Recently several initiatives have been taken to introduce recyclable thermosets, including the use of cellulose-based materials. Assumed to be a new material, this recyclable thermoset therefore needs to be characterized. Recyclable and conventional thermosets can be use with synthetic fibres, but the potential use of thermosets has been widened to be combined not only with synthetic fibres, but also natural fibres and their hybrids. A novel group of composites had been acknowledged since the introduction of natural fibres as reinforcement in polymer matrix composites. Such materials offer a lightweight advantage with comparable strength to conventional synthetic composites. Continuous awareness of renewable green resources and eco-friendly and biodegradable materials has enforced rapid research and development activities on natural fibre composites. Several drawbacks and challenges were identified at the early stage of introducing natural fibres in polymers, such as poor fibre-polymer compatibility and high moisture absorption properties of natural fibres. More research needs to be done to improve and enhance the performance of natural fibre composites in light of these disadvantages and the limitations of natural fibres.

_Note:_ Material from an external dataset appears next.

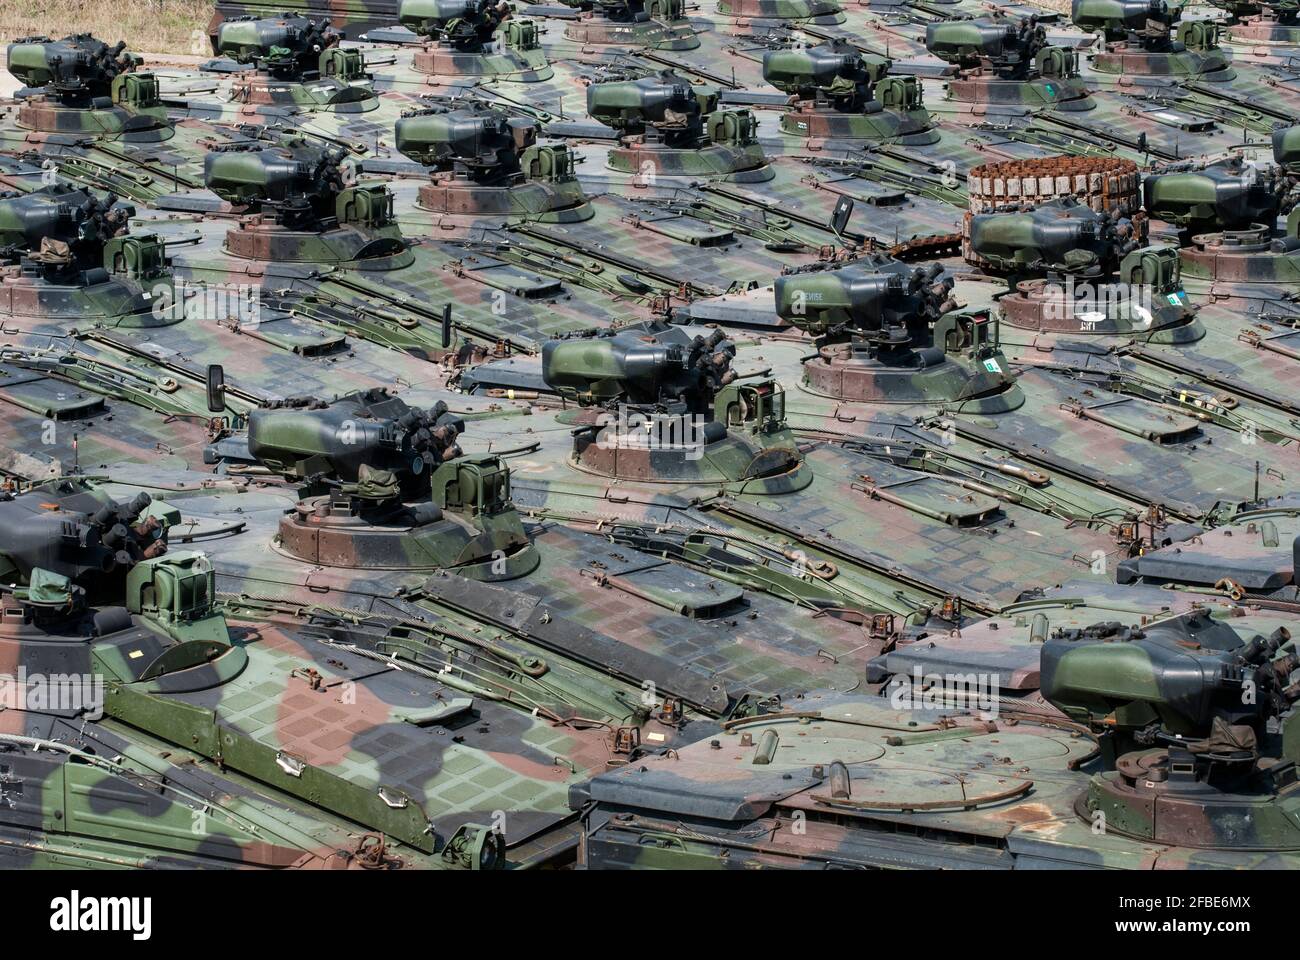 Im 300-Seelen-Dorf Rockensußra befindet sich Europas einzige OTAN-zerifizierte Panzerverschrottungsanlage. Foto de stock

This Special Issue aims to present original research and review articles related to thermoset-based natural composites. An informative collection on experimental techniques, starting from the composite preparation up to the characterization of the composite, will be presented in this Issue. This Special Issue also aims to enhance reader understanding of the structure, applications, and performance of the thermoset-based natural composites.

Potential topics include but are not limited to the following:

• Preparation of natural fibres for thermoset composites (extraction, surface modification)
• Nanofiller in thermoset composites
• Analysis and damage evaluation of thermoset-based natural composites
• Morphological observation of thermoset-based natural composites
• The potential of natural fibre composites in various applications
• Recycling of thermoset-based natural composites